Because my skill set ranges from writing to photography and now online and social media, I have been invited to interview for a wide variety of jobs at universities, businesses, nonprofits and government agencies. Each interview has been an opportunity for discovery. Perhaps fruitless in terms of getting a job immediately, but important for personal growth and education.
If LinkedIn were a degree-offering institution, I’d have my PhD by now. Twitter is thinking about a hall of fame induction, but they fear I’ve been using performance-enhancing tweets, so I’m off the ballot for now, so I’ve moved on to courting Pinterest.
One thing I’ve come to notice during this time is the cottage industry of job-seeker help and general life-coaching opinions that has manifested itself in the blogosphere. I have to say, after battling in the trenches for this long, I want on that gravy train. How do I get one of those jobs? I’m not an ivory tower-type; I’ve been fighting the good fight as one of the grunts in the employment wars.
At this point, I’ve lost 20 pounds and 20 years off my resume in hopes of getting hired. My portfolio lives online. My LinkedIn profile is razor sharp, and my elevator speech goes clear to the top.
I know how to look interviewers in the eye, and not to chew gum at the interview. I know to dress nicely, and yes a suit and tie still does go a long way to impressing hiring managers. I know to have questions ready and engage an interviewer in conversation.

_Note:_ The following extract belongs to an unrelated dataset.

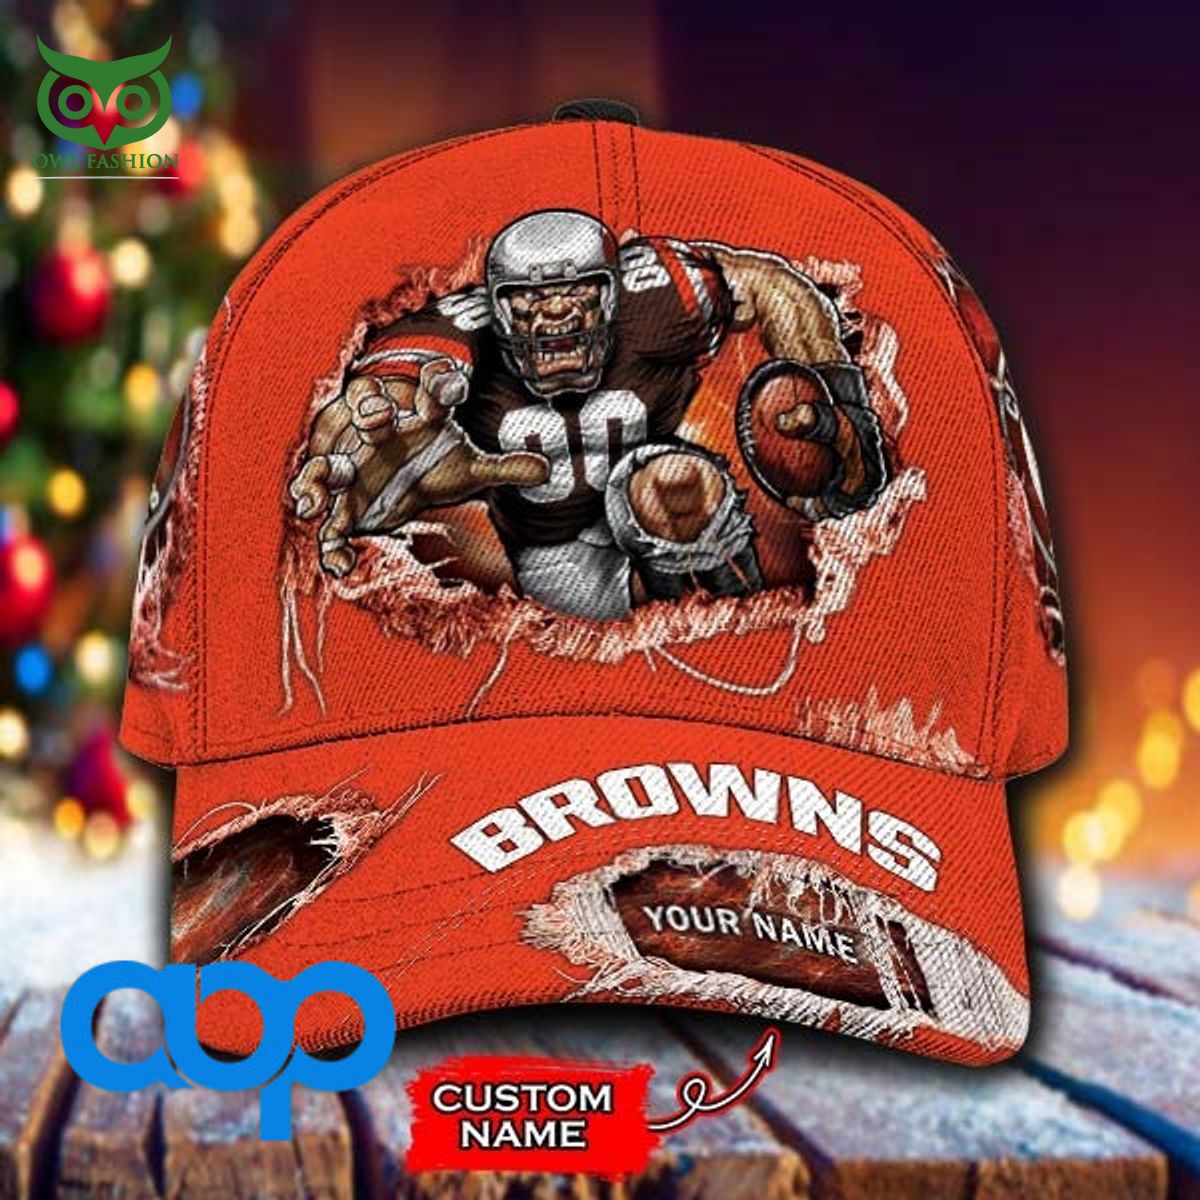 cleveland browns nfl new 2023 personalized printed classic cap 1 EbpN3
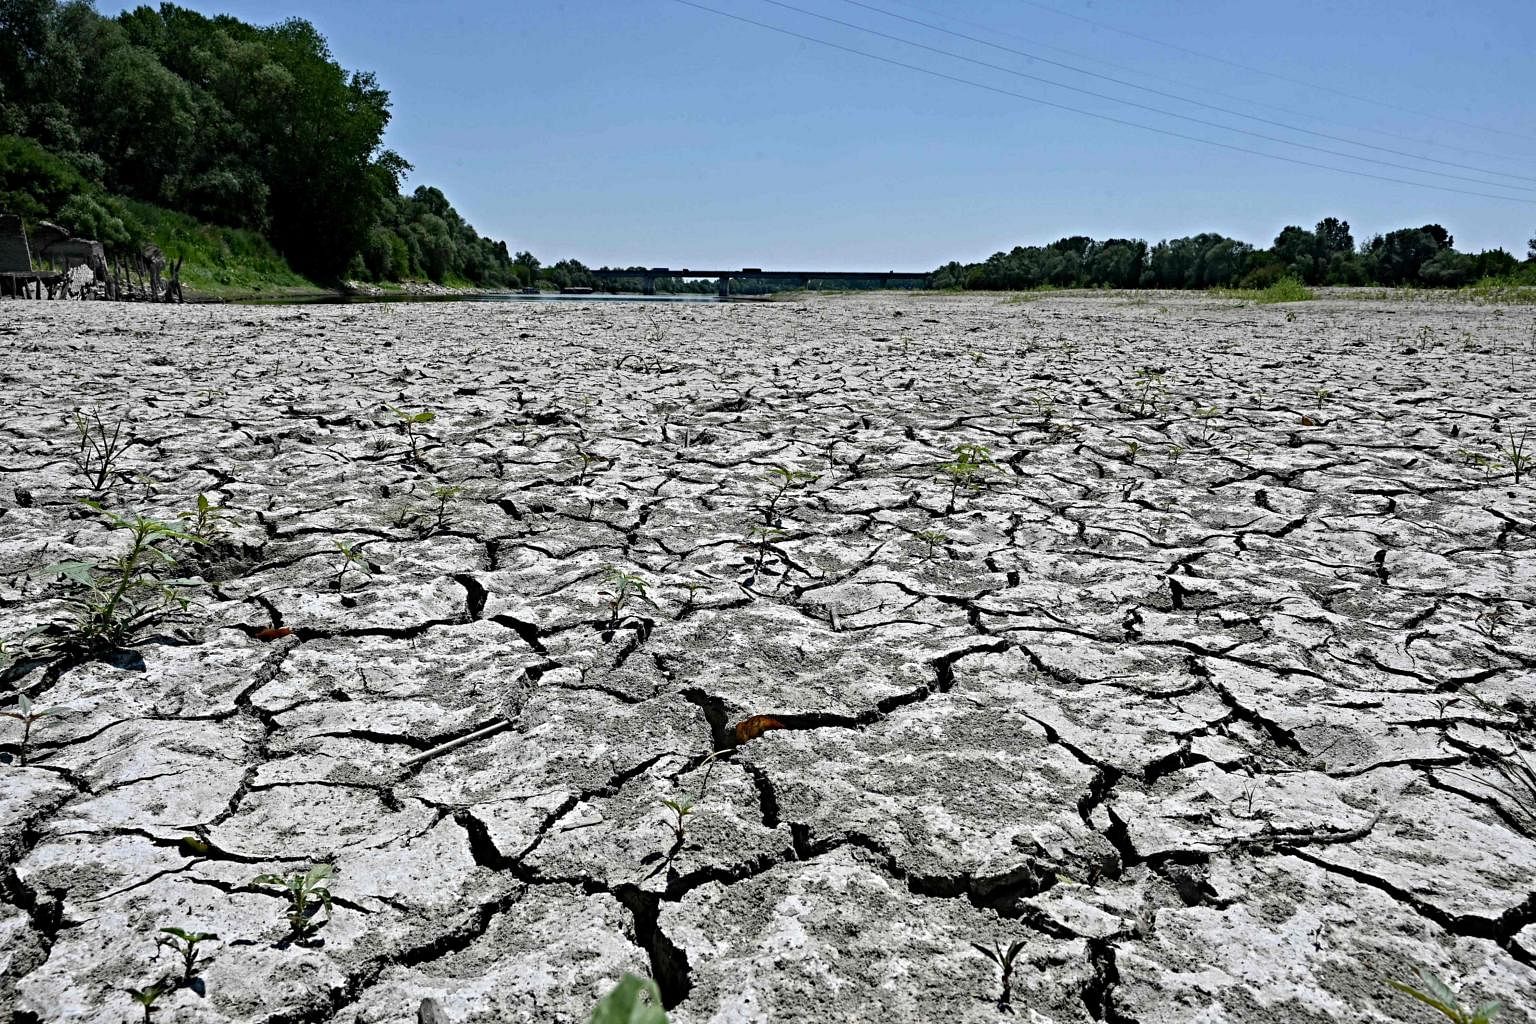 Historic drought threatens to cripple European trade | The Straits Times

Countless blog articles and advice emails focus on following your passion. I understand the sentiment, but in some ways that’s where my passion and the reality of keeping the bills paid part company.
I love doing online and social media work, and to this point I’ve been able to do enough contract work to keep the dream alive. But it’s finding the next step that is difficult for many of us as we struggle to put our kids through school, pay the bills and face the challenges of daily life.
Still I go back to these lines from Kelly, “Too young to retire, too old to start over. Or at least that’s the line. Comfortable jobs with comfortable salaries are scarce, after all. Almost overnight, skills honed over a lifetime seem tired, passé.”
I’m definitely too young to retire, and I’ve done my best to morph my skill set into what employers are looking for, so I offer no excuses. To me it’s a matter of keeping an eye on the prize and being willing to adjust and adapt accordingly. In the 18 months that I’ve been away from a full-time job I’ve been lucky to have enough contract to keep me off unemployment for all but a few weeks. There was even a run in there last summer where I worked seven days a week for clients during a three-month span.
Most important, for all my job-seeking friends, don’t give up the fight. Rejection is only soul-crushing if you let it be.
I think job hunting is similar to a piece of advice I saw recently in a blog posting. It asked how do you eat an elephant? One bite at a time. And that’s how you find work, one interview at a time.